_Source data:_
*** Block opens ***

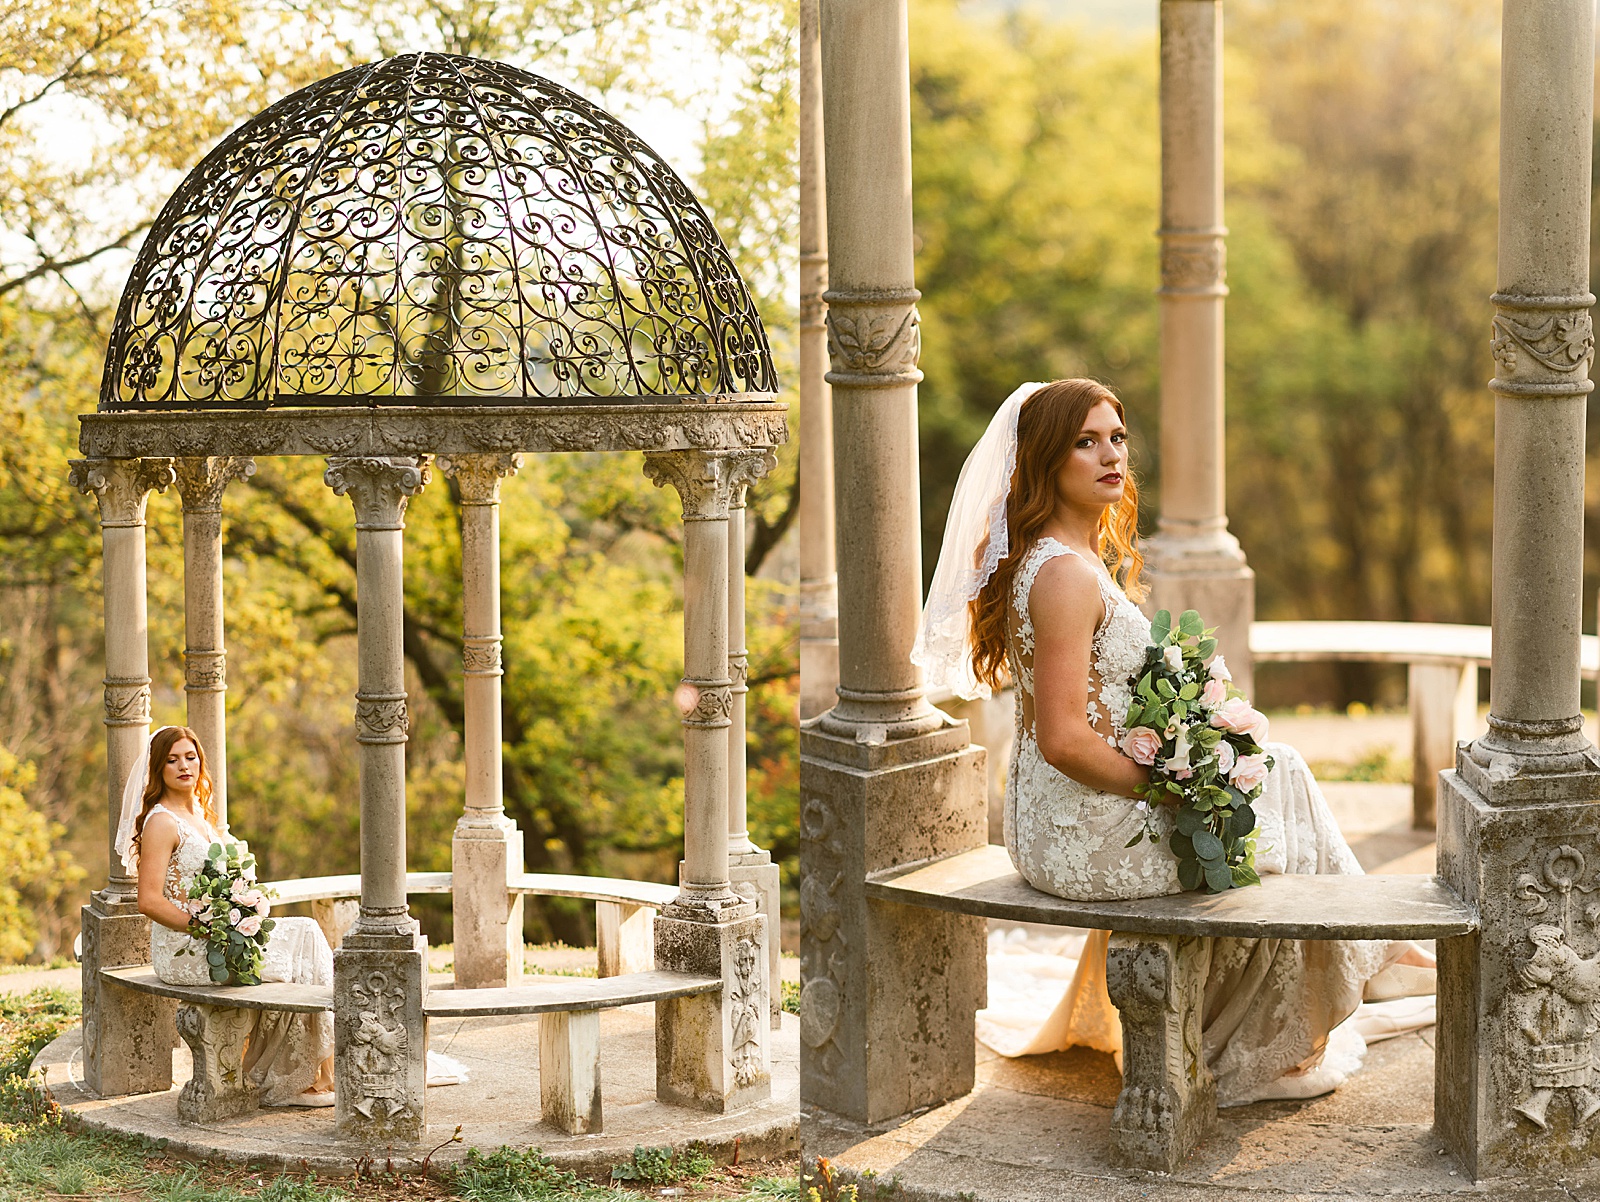 Woman in lace gown sitting in gazebo by Richmond Elopement Photographer
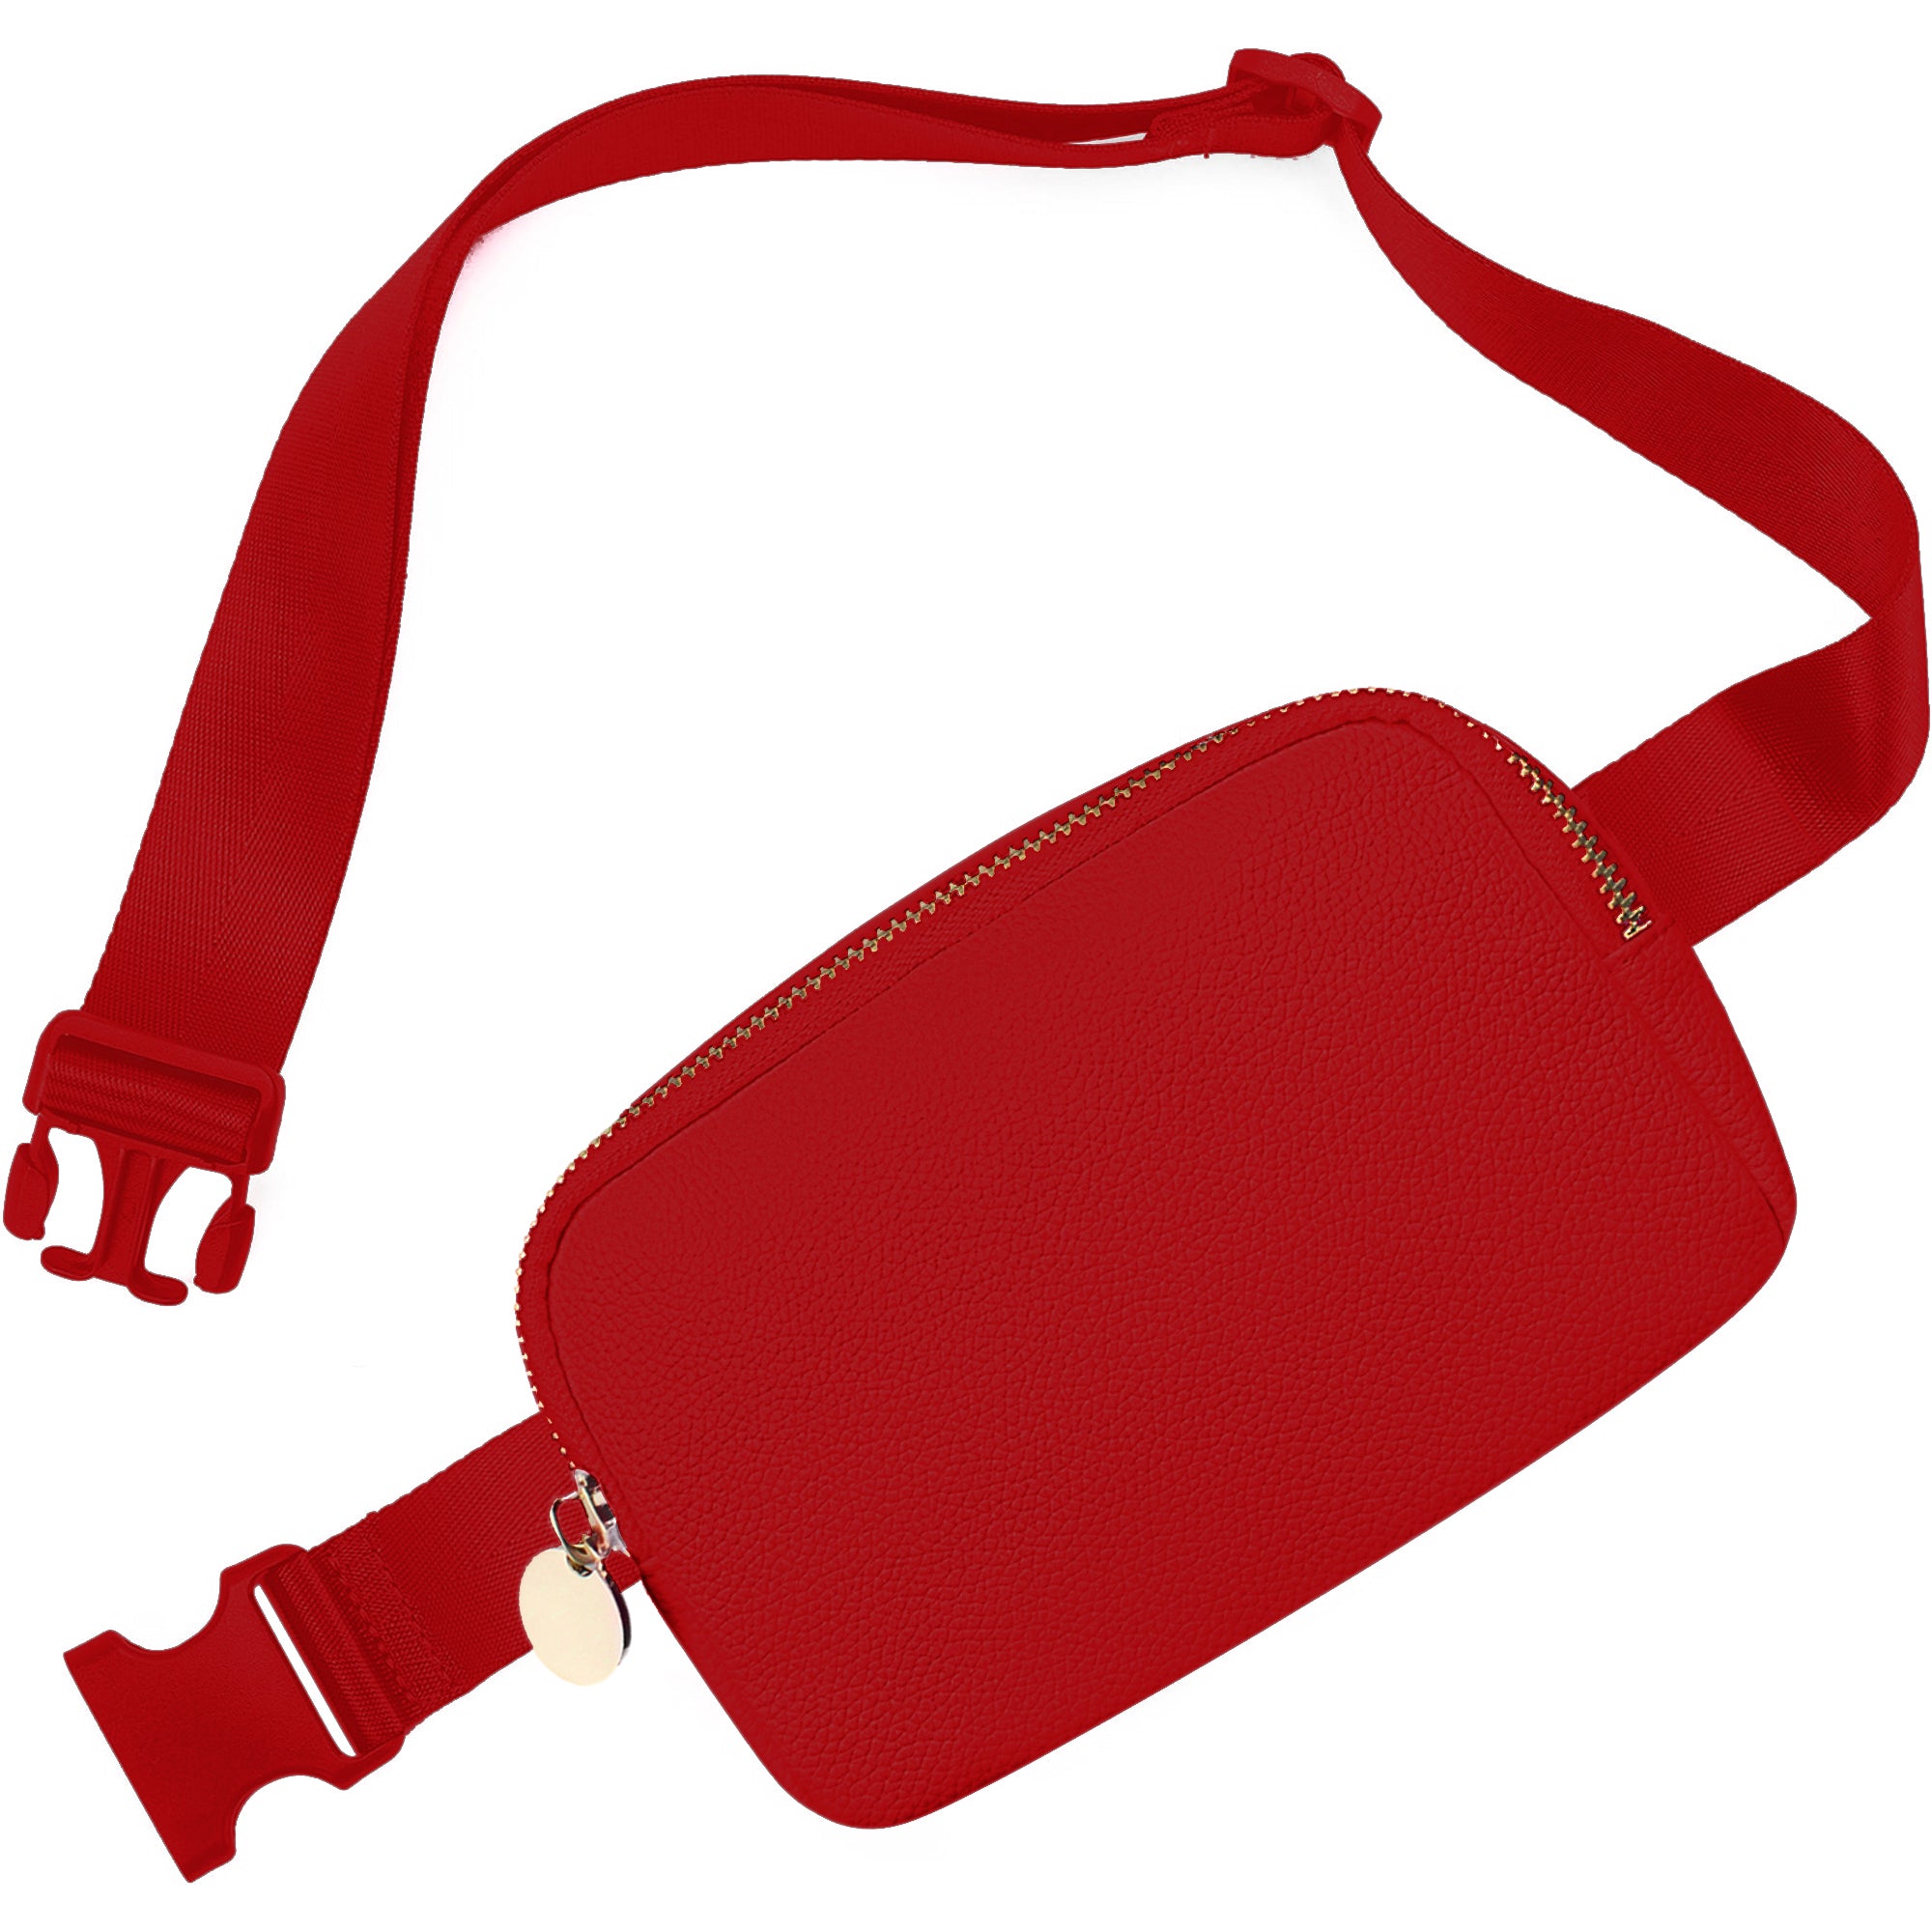 red fanny pack for women leather belt bag for girls fanny pack crossbody bags for women belts bag for women bum bags stylish fanny packs for women beltbag fashion fanny packs for women crossbody fanny bags for women fanny crossbody bags for women belt bag for girls fanny pack for girls teens
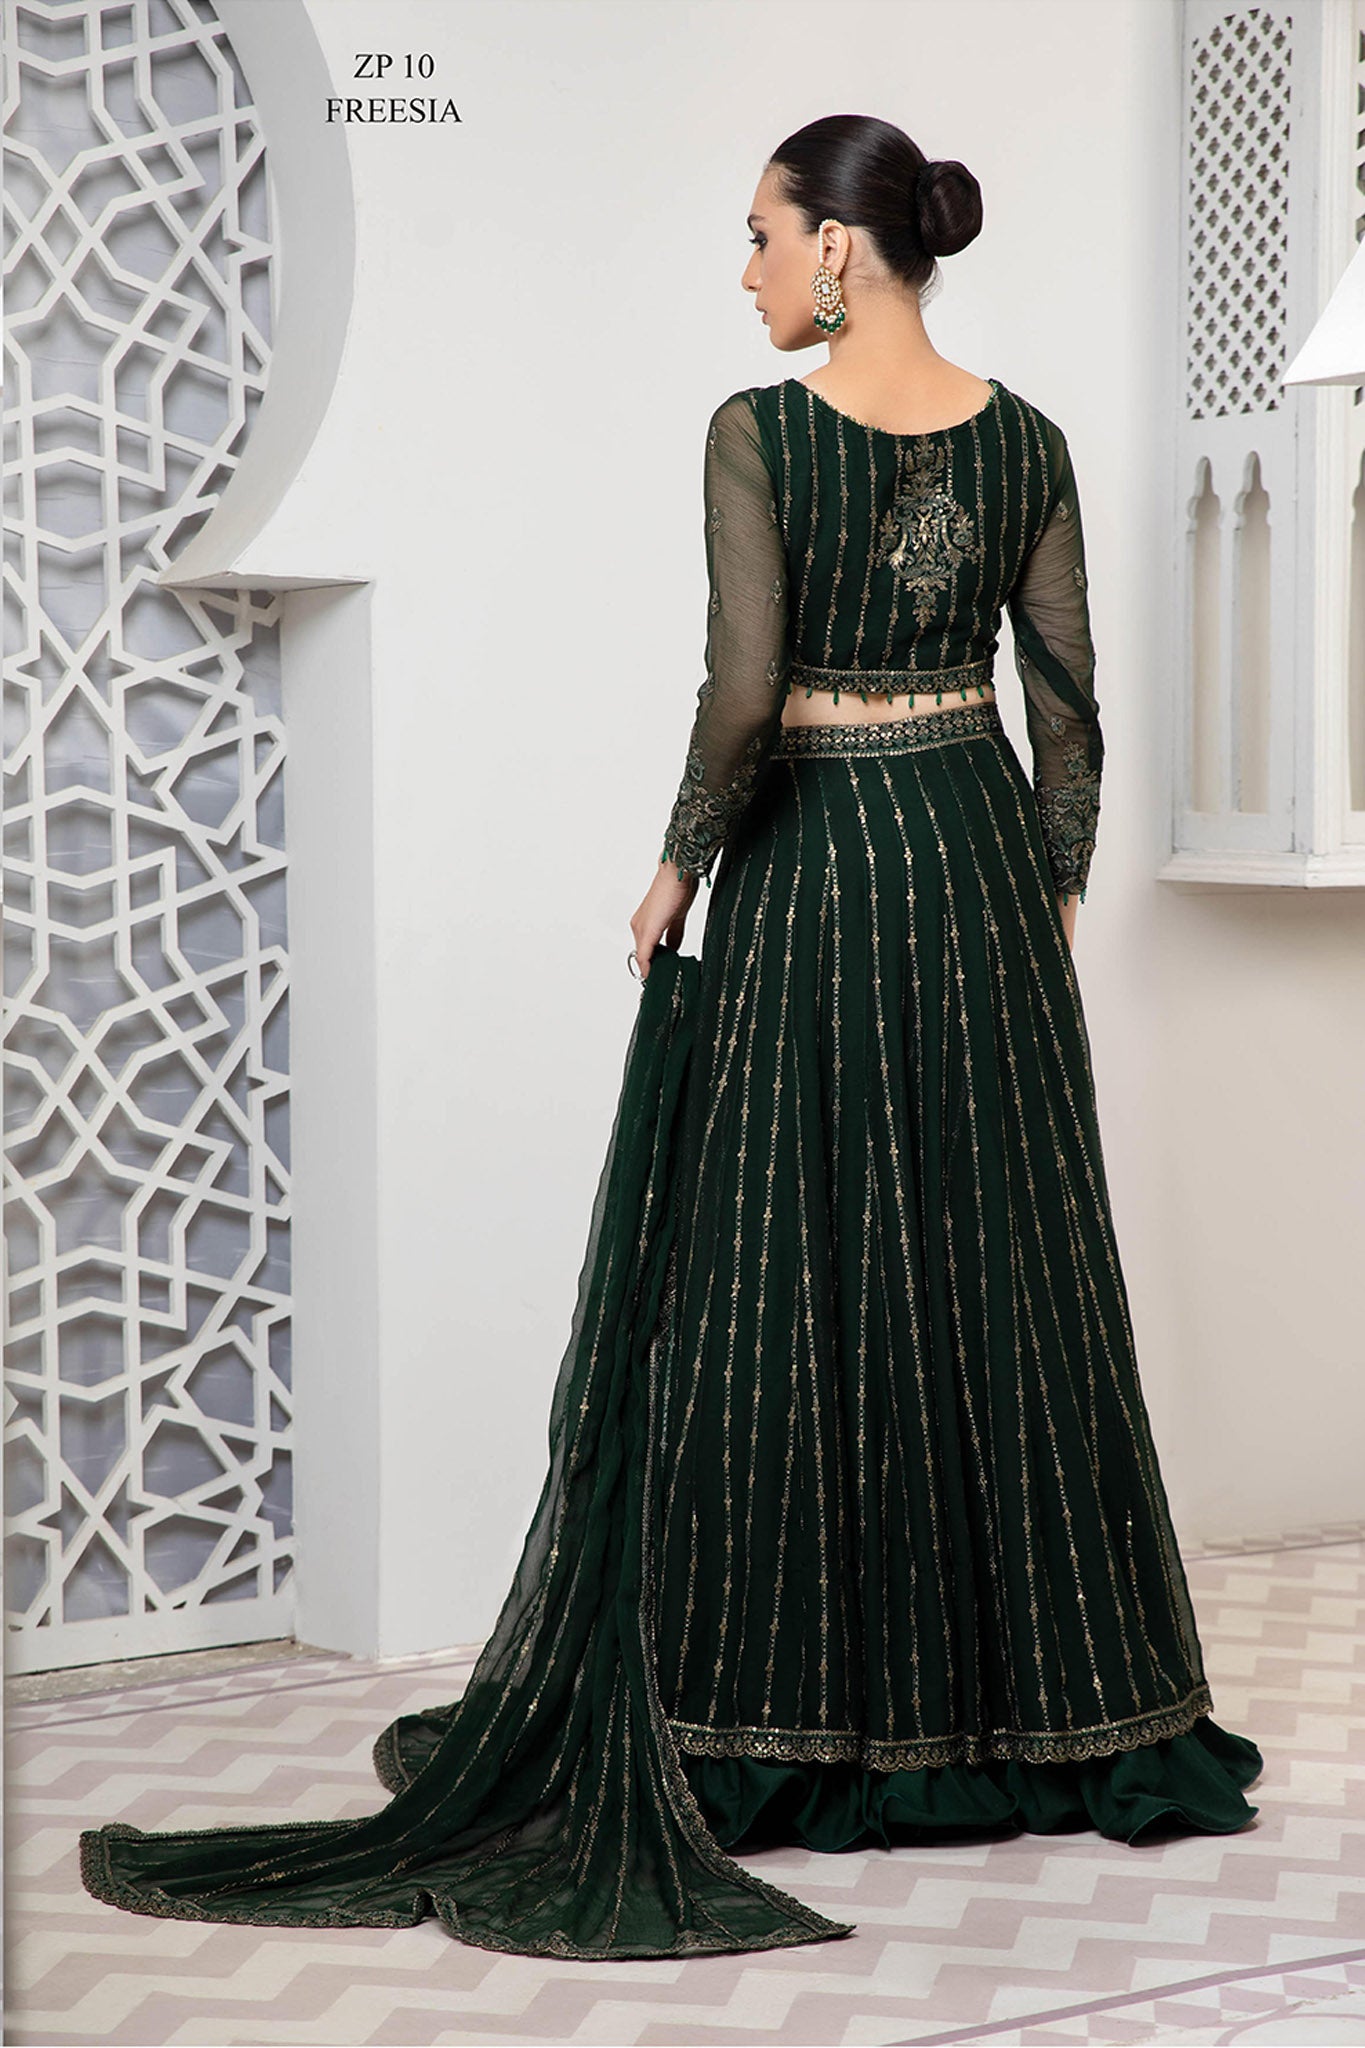 Preesia by Zarif Unstitched 3 Piece Luxury Formal Wear Collection'2022-ZP-10

*** Block closes ***

_Brief:_ Nothing but the lines from the line containing "red fanny pack" through the end of the data, both ends included, is to be reproduced, exactly as written and without the pictures.

_Result:_
 red fanny pack for women leather belt bag for girls fanny pack crossbody bags for women belts bag for women bum bags stylish fanny packs for women beltbag fashion fanny packs for women crossbody fanny bags for women fanny crossbody bags for women belt bag for girls fanny pack for girls teens
 Preesia by Zarif Unstitched 3 Piece Luxury Formal Wear Collection'2022-ZP-10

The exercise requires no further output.